'Paul was a true gentleman, the world has lost an iconic treasure'

The star had taken the stage at Edinburgh Playhouse just days before, as Miss Hannigan, the villain in Annie.

Tributes have been paid to TV presenter and comedian Paul O’Grady, following his death aged 67.

The British drag icon, known for his persona Lily Savage, died “unexpectedly but peacefully” on Tuesday evening, his husband Andre Portasio said in a statement.

O’Grady had taken the stage at Edinburgh Playhouse just days prior to his demise, as Miss Hannigan, the main antagonist in Annie.

Following the performance, on March 23, he popped into one of the capital’s most iconic gay bars – Planet – for a drink and a chat with the staff.

Planet manager Darren Paterson told STV News O’Grady had been a “friend of the staff for over 20 years”.

O’Grady dressed as Miss Hannigan, the main antagonist in Annie, cuddling a dog in Edinburgh.

“Whilst he was at the Playhouse for Annie, he came to say hi on Thursday night,” he said.
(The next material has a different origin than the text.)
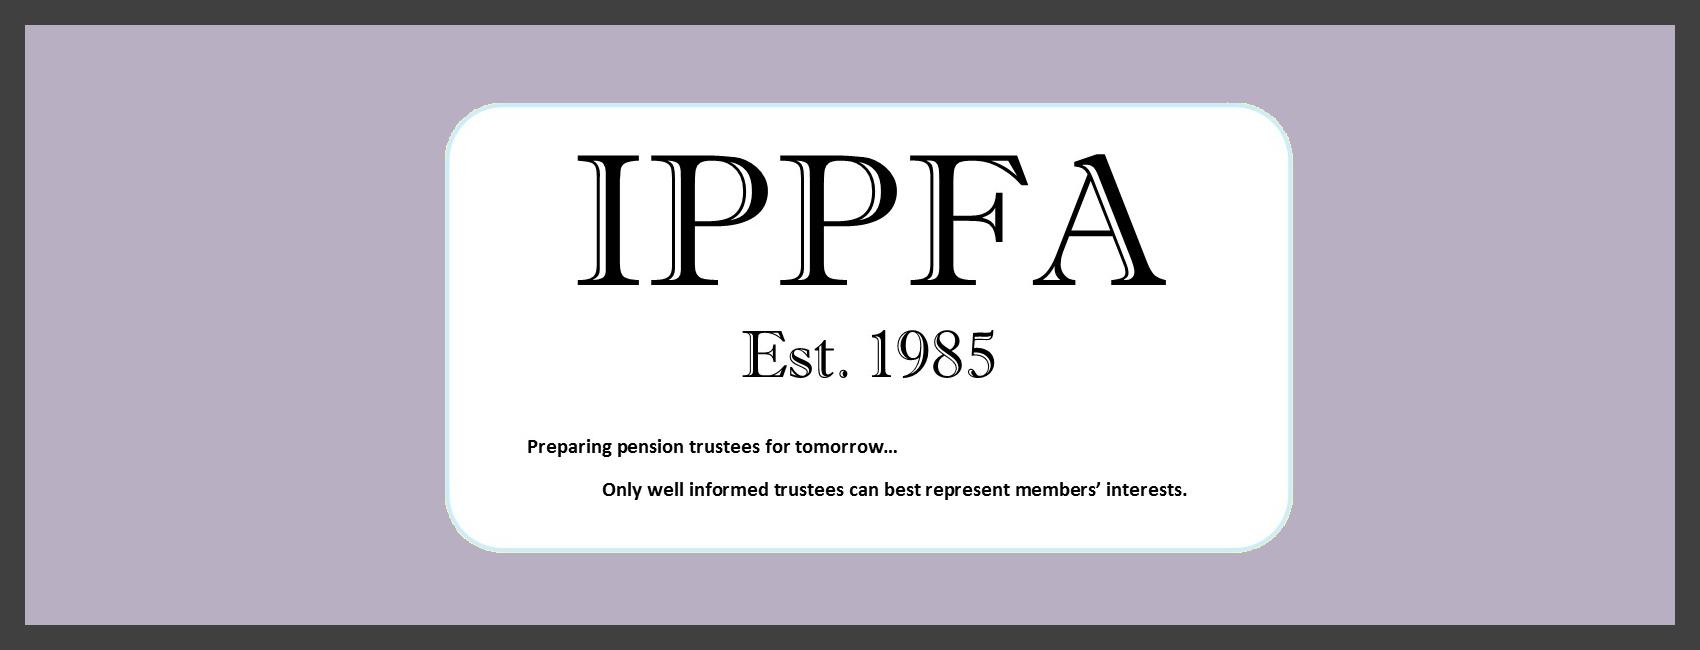 IPPFA Regional Seminar 2018 - Jumer's Hotel & Casino

“Paul was a true gentleman to all the staff and customers.

“We are deeply saddened at his passing, the world has lost an iconic treasure.”

The Playhouse joined in paying tribute to the LGBTQ+ icon, recalling some of his best moments on stage in Edinburgh.

A spokesperson said: “We are deeply saddened by the news of the sudden passing of much loved actor, comedian and TV personality Paul O’Grady.

“We have many wonderful memories of him. From his early days with Lily to his most recent visit last week, in the musical Annie where he played Miss Hannigan to great acclaim.

“He was warm, funny and kind, always making time for staff members and of course the office pups.”

A well-known dog-lover, O’Grady was also pictured cuddling a miniature dachshund in Edinburgh, a few days before his death.

The official Twitter account of the musical Annie said its cast and crew were “stunned and saddened” by the news.

“An incredible Miss Hannigan and an irreplaceable, hilarious and generous person who we will all miss immensely,” it added.

Born in Birkenhead, O’Grady rose to fame in the 1990s with his iconic scouse drag queen Lily Savage, going on to present game show Blankety Blank and other light entertainment programmes.

During his career, he went on to host The Paul O’Grady Show, Blind Date and Paul O’Grady’s Saturday Night Line Up, as well as ITV’s multi-award-winning For The Love Of Dogs.

During the coronavirus lockdown, he wrote his debut children’s book, Eddie Albert And The Amazing Animal Gang, which was published in September 2021.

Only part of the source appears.